October 22, 2010
So- I’m not going to say much today because relatively speaking, I’m not doing that well. I will only say that something has gone wrong and that I’m pretty upset about the situation. After I process what’s happened and I’m a little farther down the road of resolve on the issue I am sure I’ll refer to it in abstract terms only but for now I will just say this:
I think that this “situation” was in the books. It was planned. It was coming. And the attitude of thankfulness and relishing in my love for the people around me and how deeply I, myself am Loved, was meant to prepare me for what was coming. So that I could make a real and clear-headed decision about all of it.
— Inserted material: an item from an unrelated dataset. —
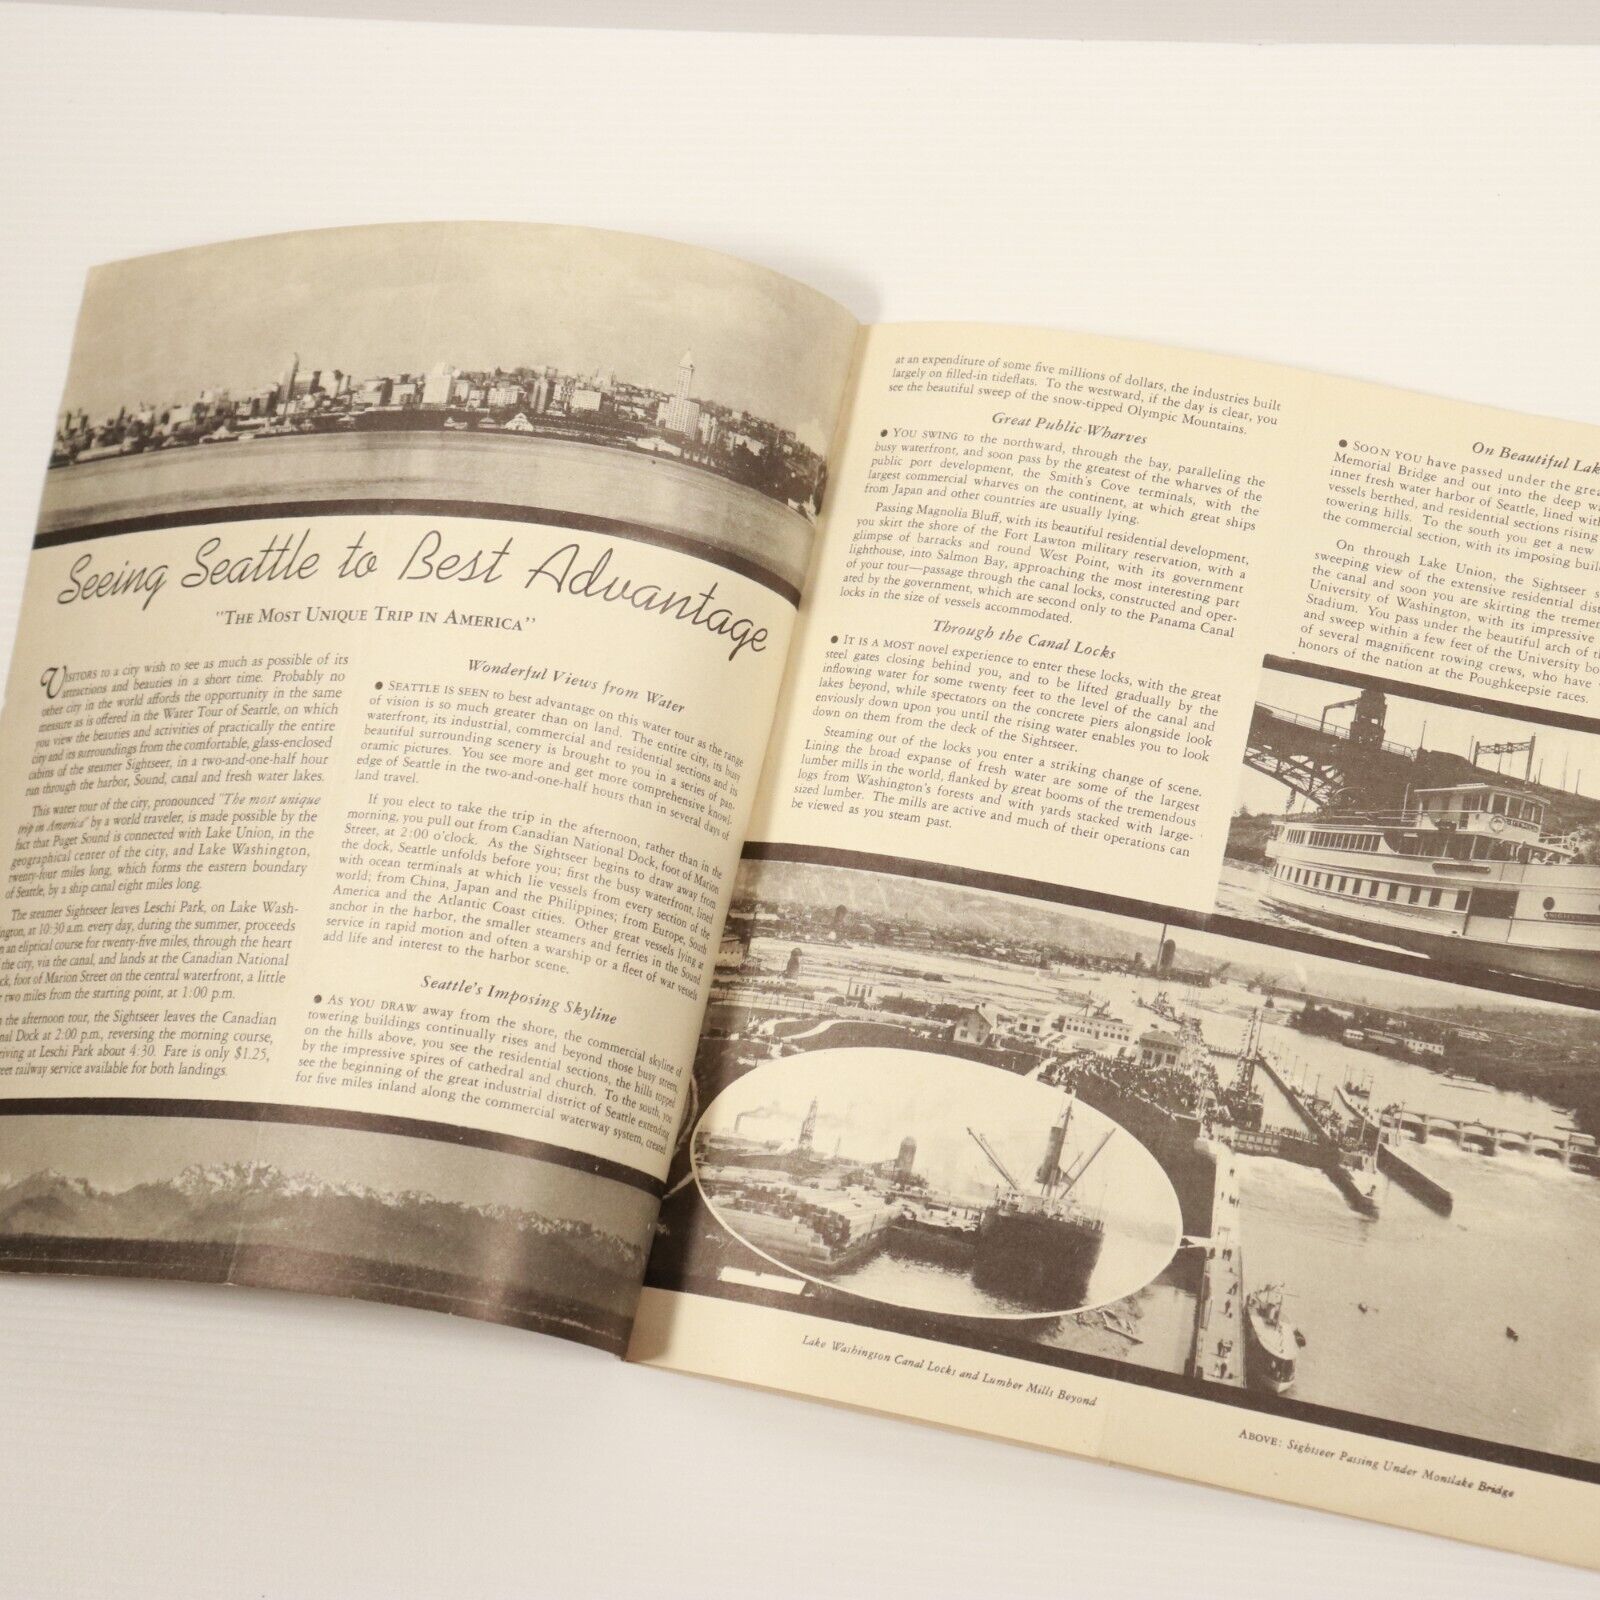 c1935 Seeing Seattle By Water American Tourism Brochure Anderson Water Tours

I will say this too: I was outside drinking coffee and reading when Daisy took off after a squirrel on the fence today. I LOVE IT WHEN SHE DOES THIS. It is soooo funny to me. Often the squirrel will scream and swear at her when the chase is finished and the squirrel sits safely perched, but heart still racing, in a tree. Daisy ran up to me triumphantly after she chased after the squirrel today and as the little tiny nut-bearing animal SCREAMED at Daisy with all kinds of furious mutterings and exasperated scoldings Daisy just tilted her head and perked up her ears and tried to process what was being said. I laughed and looked down at her and said, “See, you don’t really care about how that squirrel feels because you are loved and accepted by ME.” I have to say that when I said that a little light bulb went off in my head.
That’s all. I’m done for the evening 🙂 Night all!